The 2465 (1984) used Zener diodes mounted on the hybrid which also mounted the amplifier IC. In other words, the IC did not have an on-chip level shift because no one had figured out how to do that in a monolithic process. Same for the bandwidth limit, no one had figured out how to do that on a monolithic chip either, so discrete capacitors and inductors were mounted on the hybrid. This and a number of thick film resistors made the hybrid quite large.

The 11K (1987) was not possible without a new IC in the plugins capable of fitting four channels on a single plugin ECB, so the M377 was designed specifically to be small enough that four of them would fit on a single plugin ECB. Whether it was a hybrid or monolithic did not matter, it just had to be small. The M377 had eight major and unique innovations that allowed additional performance.

  1. Six fixed gain settings allowing a 1 mV/div maximum sensitivity.
  2. Capability of being wire ORd to allow multiple channel operation, eliminating a channel switch IC
  3. On chip DC level shifting, eliminating external parts such as Zener diodes and keeping down the size
  4. On chip bandwidth limiter (two of them, both four pole filters), keeping down the size
  5. A really linear gain vs DC control voltage making automatic calibration and 1% calibrated gain steps possible
  6. Elimination of adjustments for thermals in the transient response which take calibration time and board space
  7. It was a monolithic self-contained IC, requiring no zeners, resistors, or capacitors on the ceramic
  8. Being self contained, the M377 was tested and trimmed in wafer form, all automatically

The 11K series was being abandoned starting in 1988, and along with it, the Laboratory Instruments Division.

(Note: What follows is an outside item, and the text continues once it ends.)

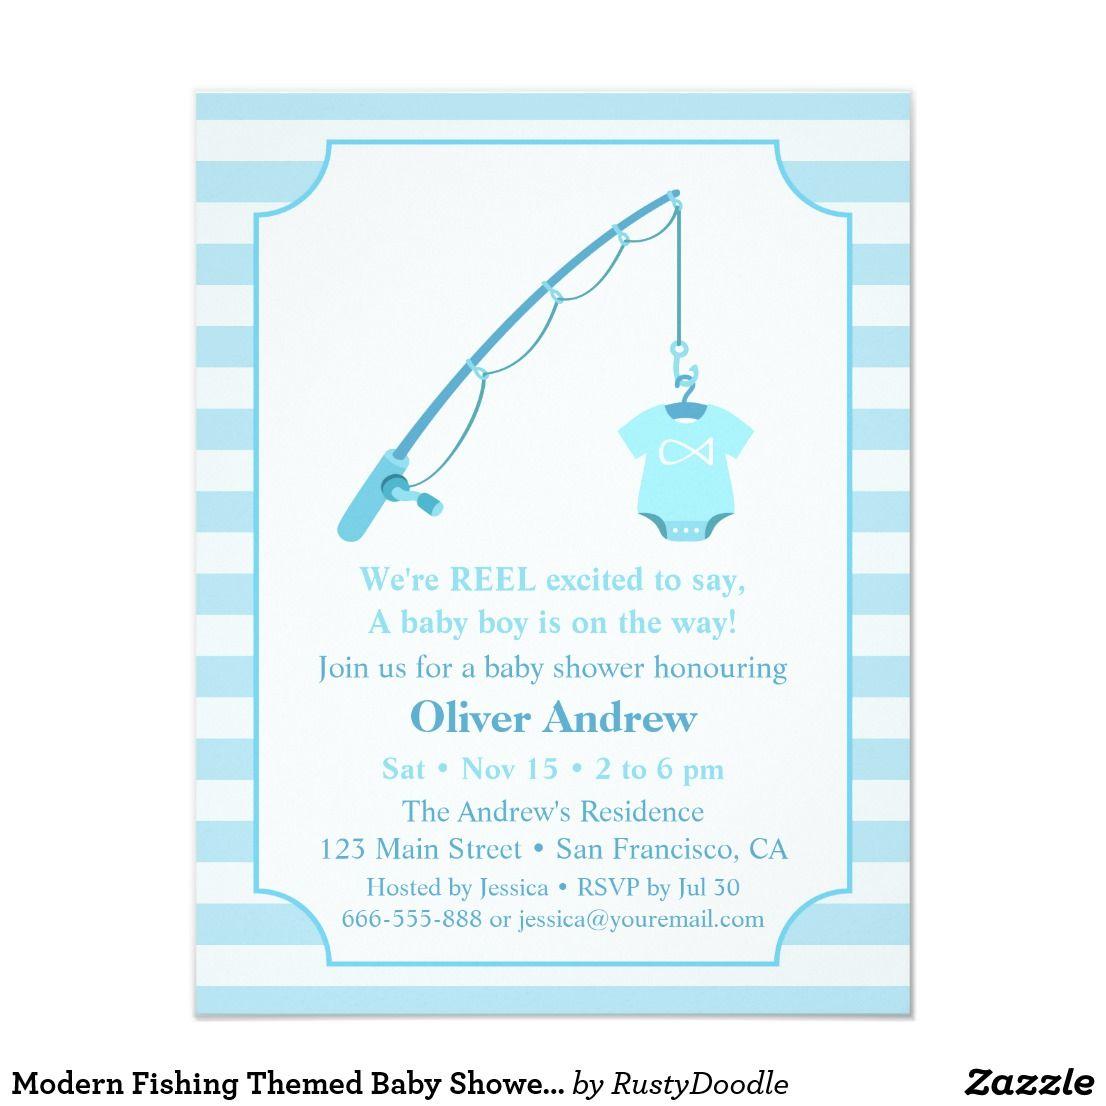 Modern Fishing Themed Baby Shower Invitations | Shower invitations

Portables management (John Taggart, Rod Bristol) were aware of the M377, more so than I realized. They did need amplifiers for future portable oscilloscopes (the TDS series) because the 2465 parts (preamps designed by Jim Woo) were far too big and way too slow for higher speed portable scopes, which would be the only Tektronix offerings in the future.

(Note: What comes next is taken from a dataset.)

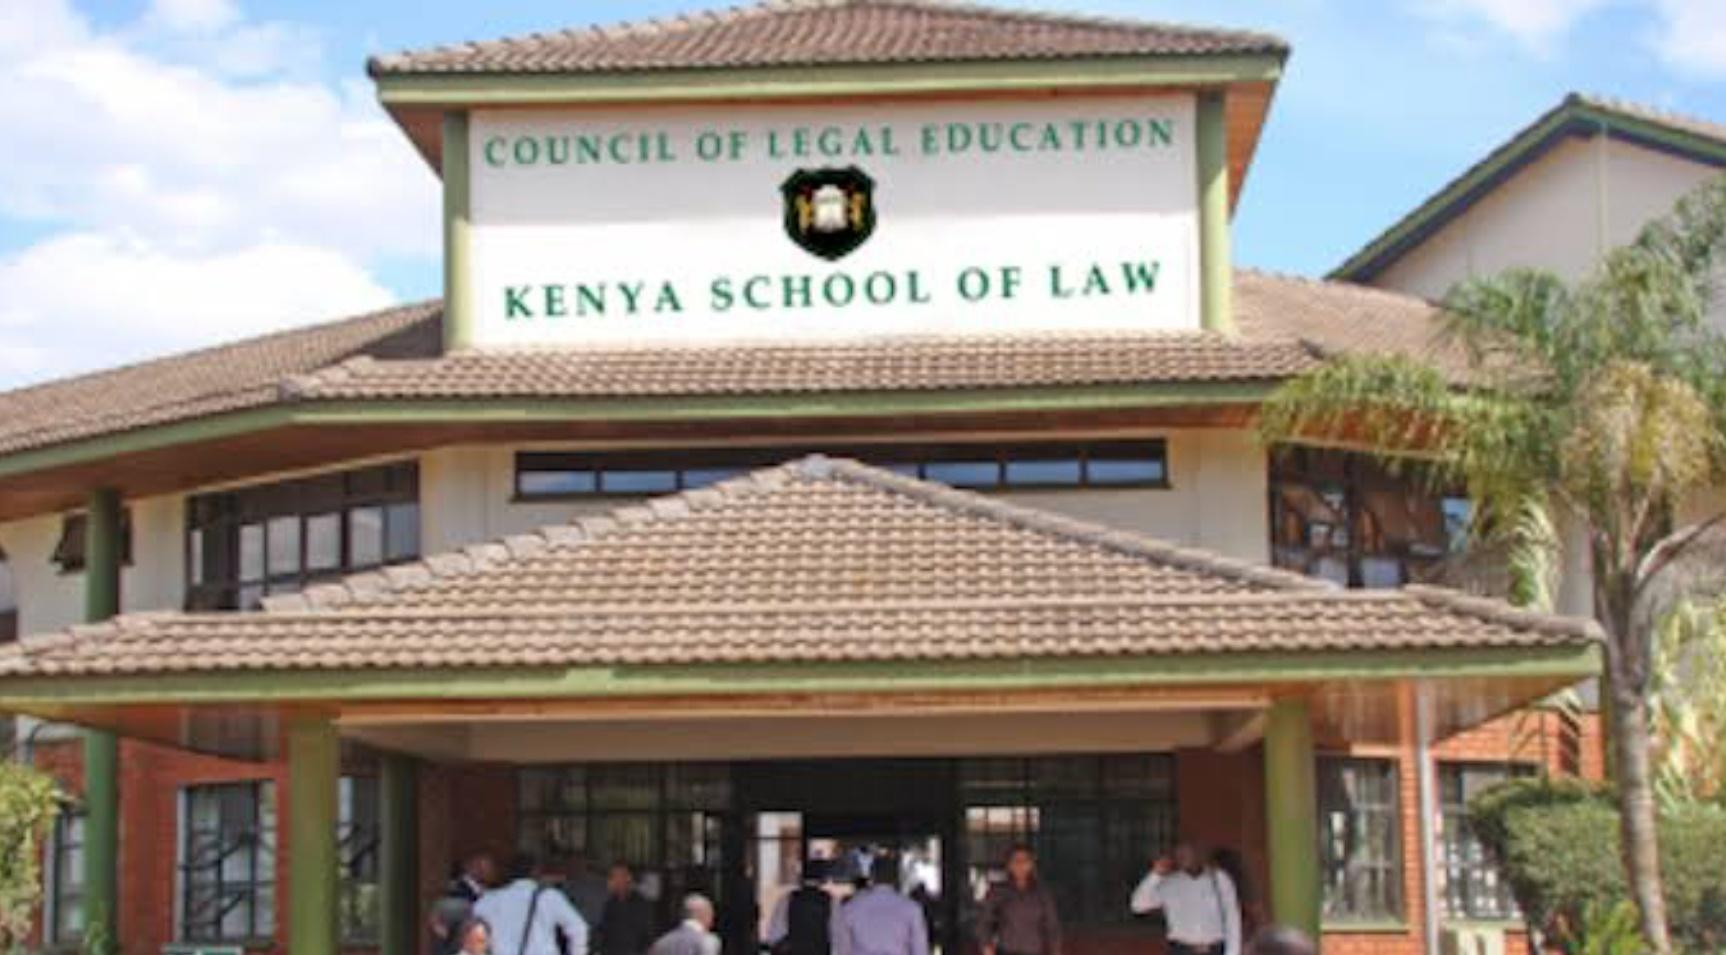 Kenya School of Law On Spot As 12 Staff Members Arrested For Fraud

They liked the M377 because it had DC level shift, bandwidth limit filters, was monolithic and could be put in a small package.

Taggart and Bristol were not about to embark on a new IC design when the M377 did everything needed for a portable scope. Even forgetting about the 2-3 year development time, there was nothing the M377 couldn’t do functionally and do well.

They hired me to help with implementing the M377 in the TDS540. The M377 was repackaged in a 44 pin J-lead package with just a big heat sink on top and soldered onto the ECB. ECB space was even tighter than the 11K plugins, and the M377 definitely ran hotter.

I also sold another Portable Scopes group on using the M377 as it was exactly what they needed too. I believe this became the 2245, 2245A, 2247, 2247A, and 2252 series. Thus the M377 is used in more than just the 11K and TDS500 series scopes.

My principal job in Portables was to redesign the M377 with the new SHPi process. It would be known as the M777. Bob Woolhiser left Tek’s excellent CAD group and worked with me to implement the M777.

I left Tektronix in April 1991 before the M777 was finished, but it was in capable hands. Woolhiser had responsibility for the M777. Woolhiser implemented the 250 MHz BWL filter in place of the 100 MHz BWL filter in the M377. He too moved on and Rich Huard finished the M777.

The M777 is bond pad compatible in every way with the M377, but faster. And because of the extra bandwidth, it was also a little noisier.

The M377 had a long life, still in production after Maxim Integrated bought the Tektronix IC facility (Building 59). Part of the purchase agreement was support for the Tektronix IC processes, including SH3, SHPi (that included p-channel JFETs), and CPi (included high speed complementary PNPs). I cannot speak with authority about these later years.

There was a chip that included the input IC for the TDS540 series that Art Metz originated and I adapted using the p-channel JFETs. Eventually, I believe, the two chips were combined into a new IC based on both these designs, although I am not sure of this. However, I believe the M377 and M777 continued in production until Maxim stopped.

There was some friction between Maxim and Tektronix as Maxim was bound by contract to supply legacy parts. Eventually (about 1997) the Tektronix processes went out of production.